→ **WORK ORDER**
For this exercise, copy all the data exactly and include none of the pictures.

→ **SUPPLIED MATERIAL**

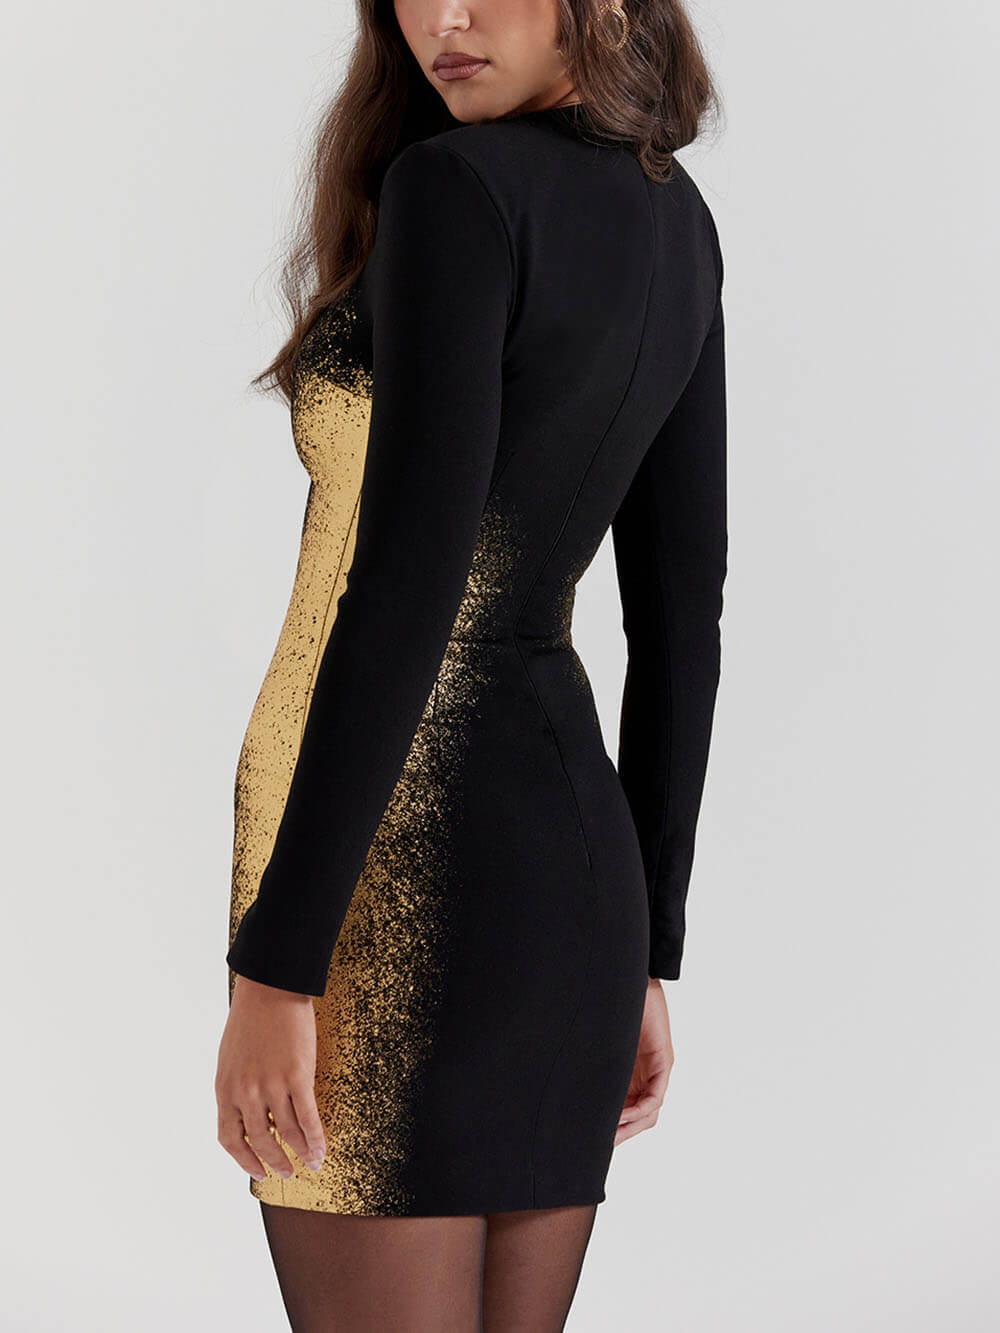 Μίνι φόρεμα με στάμπα μαύρο & χρυσό
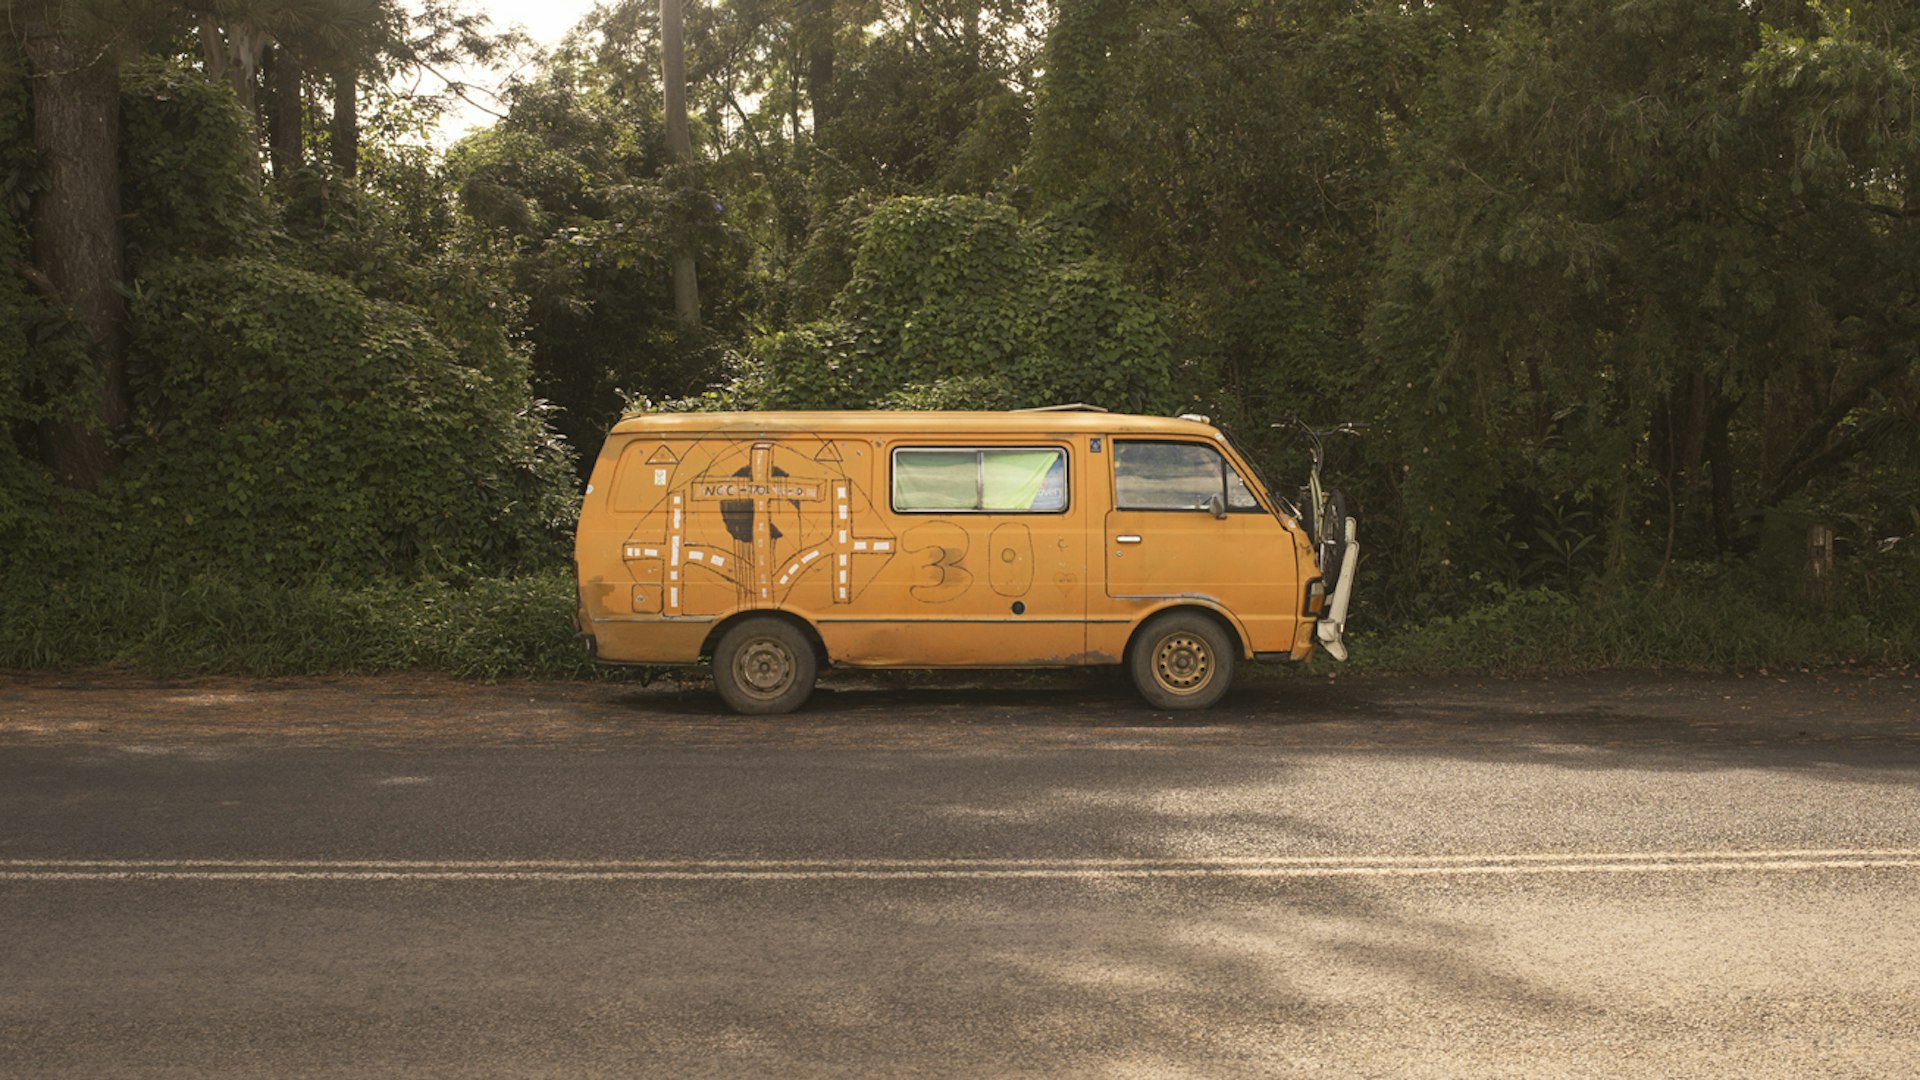 Gypsee's Van
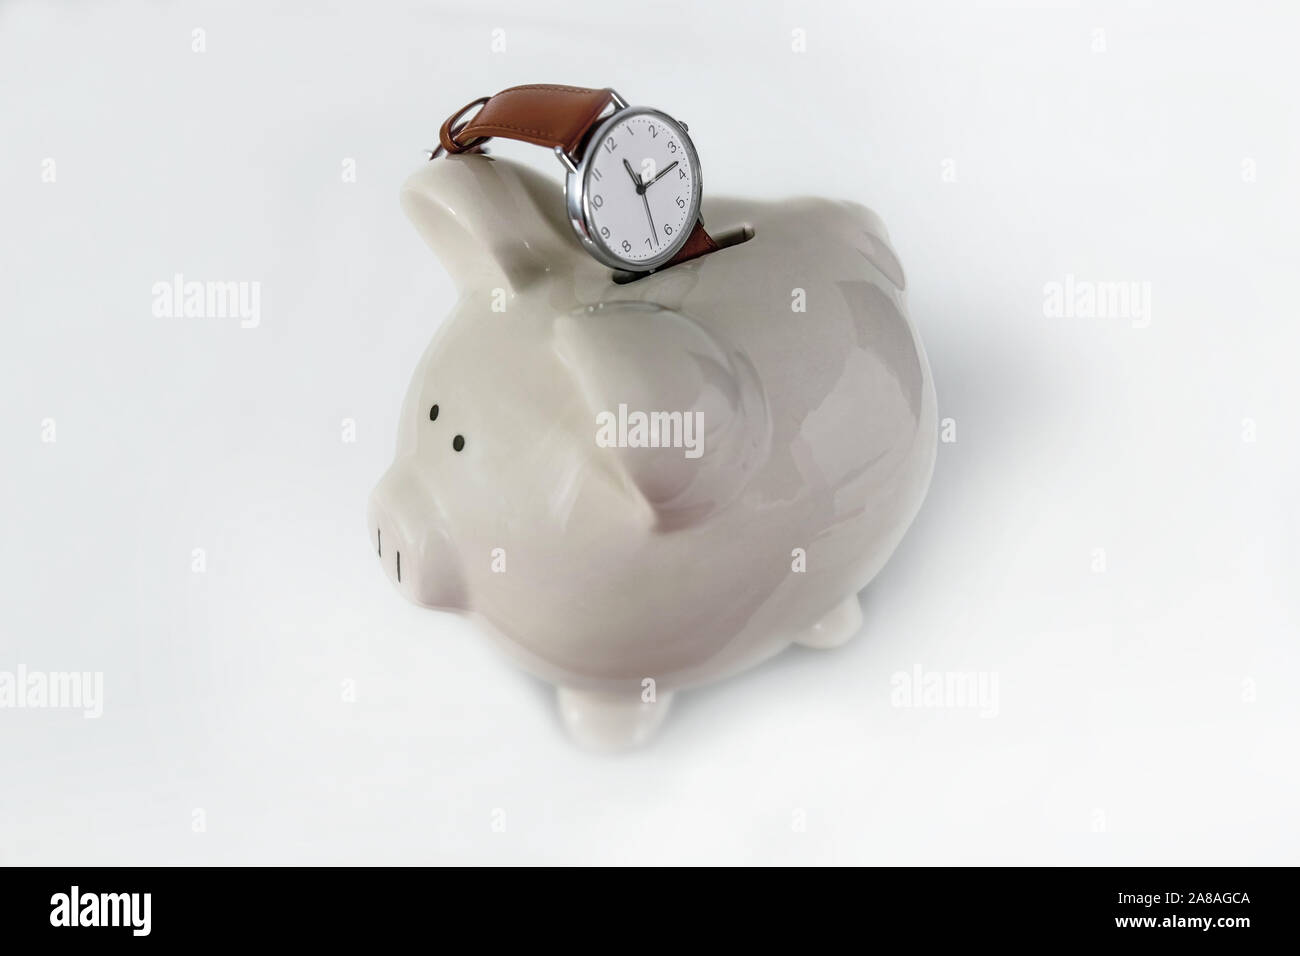 L'orologio rappresenta il tempo che si vuole risparmiare. Il tempo è denaro. Copia-spazio, isolato, chiave alta. Foto Stock

→ **YOUR SOLUTION**
 Μίνι φόρεμα με στάμπα μαύρο & χρυσό
 Gypsee's Van
 L'orologio rappresenta il tempo che si vuole risparmiare. Il tempo è denaro. Copia-spazio, isolato, chiave alta. Foto Stock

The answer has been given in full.